Exercise 4-70 (p. 122) [6]

Let X be the number of exposed people who become ill. From the assumptions given, X ~ Bin(1000, 0.2) which is approximately N(200, 160). Here are the exact calculations and their normal approximations (with continuity correction).

(a) P(X > 225)

> 1-pbinom(225,1000,.2)
[1] 0.02311485
> 1-pnorm(225.5,200,sqrt(160))
[1] 0.02190250

(b) P(175 < X < 225)

> pbinom(225,1000,.2) - pbinom(174,1000,.2)
[1] 0.9563079
> pnorm(225.5,200,sqrt(160)) - pnorm(174.5,200,sqrt(160))
[1] 0.956195

(c) The 99th percentile is not defined exactly for a discrete distribution. It can be found by trial and error, or as a binomial quantile using R, or approoximately as a normal quantile using R, or approximately from the normal tables. (The 99th percentile of the standard normal is 2.326, from the bottom line of Table IV on p.656.) The calculations below show that the chance that more than 230 people become ill is slightly less than 0.01, the chance that more than 229 people become ill is slightly greater than 0.01, so either 229 or 230 is an acceptable answer.

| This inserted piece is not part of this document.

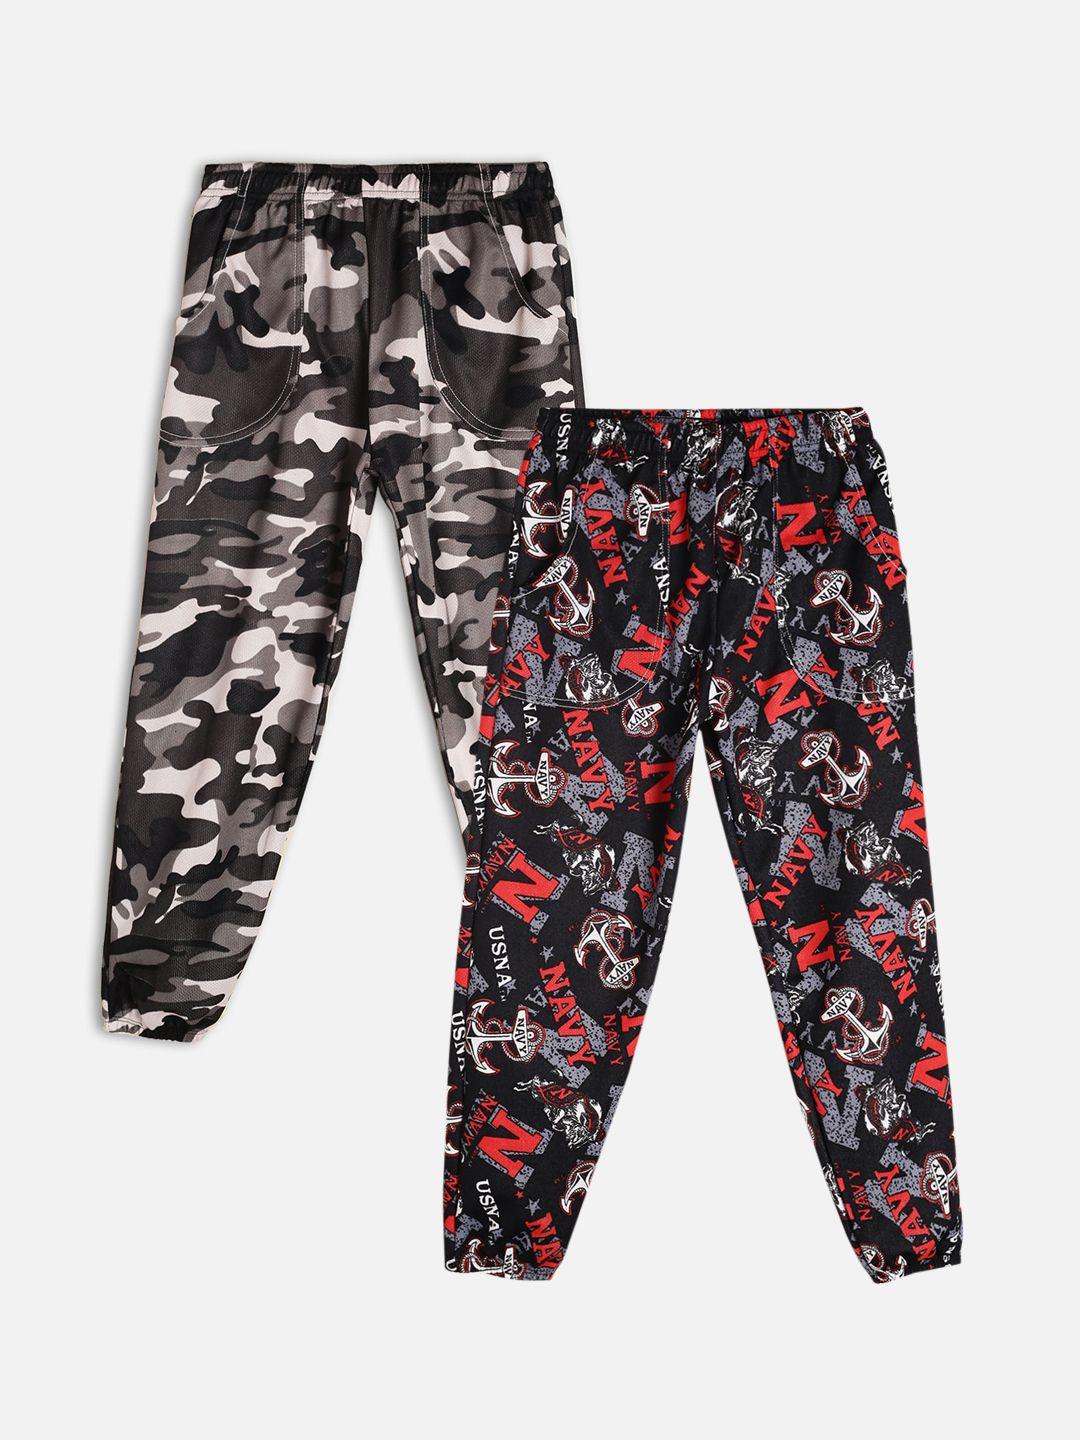 fashionable boys pack of 2 printed mid-rise lounge pants

Only the last calculation, using the standard normal quantile from Table IV, is suitable for hand calculation.

> qbinom(.99,1000,.2)
[1] 230
> pbinom(230,1000,.2)
[1] 0.9912482
> pbinom(229,1000,.2)
[1] 0.9892641
> qnorm(.99,200,sqrt(160)) - .5
[1] 228.9262
> qnorm(.99)
[1] 2.326348
> 200+2.326*sqrt(160) - .5
[1] 228.9218

Exercise 4-152 (p. 139) [10]

(a) For a centered 6-sigma process, the probability of not meeting specification, assuming Normality, is, in parts per million

> (pnorm(-6)+pnorm(6,low=F))*1e6
[1] 0.001973175

(b) For the same process shifted upward by 1.5 standard deviations, the probability is, in parts per million

> (pnorm(-6-1.5)+pnorm(6-1.5,low=F))*1e6
[1] 3.397673

(c) For a centered 3-sigma process, the probability of not meeting specification, assuming Normality, is, in parts per million

> (pnorm(-3)+pnorm(3,low=F))*1e6
[1] 2699.796

(d) For the same process shifted upward by 1.5 standard deviations, the probability is, in parts per million

> (pnorm(-3-1.5)+pnorm(3-1.5,low=F))*1e6
[1] 66810.6

(e) It is almost impossible for a process running at six-sigma quality to depart from specification if it is centred. Even if the mean shifts by 1.5 standard deviations the chance is only 3 parts per million. If the process were running at three-sigma quality, these probabilities would be many orders of magnitude larger.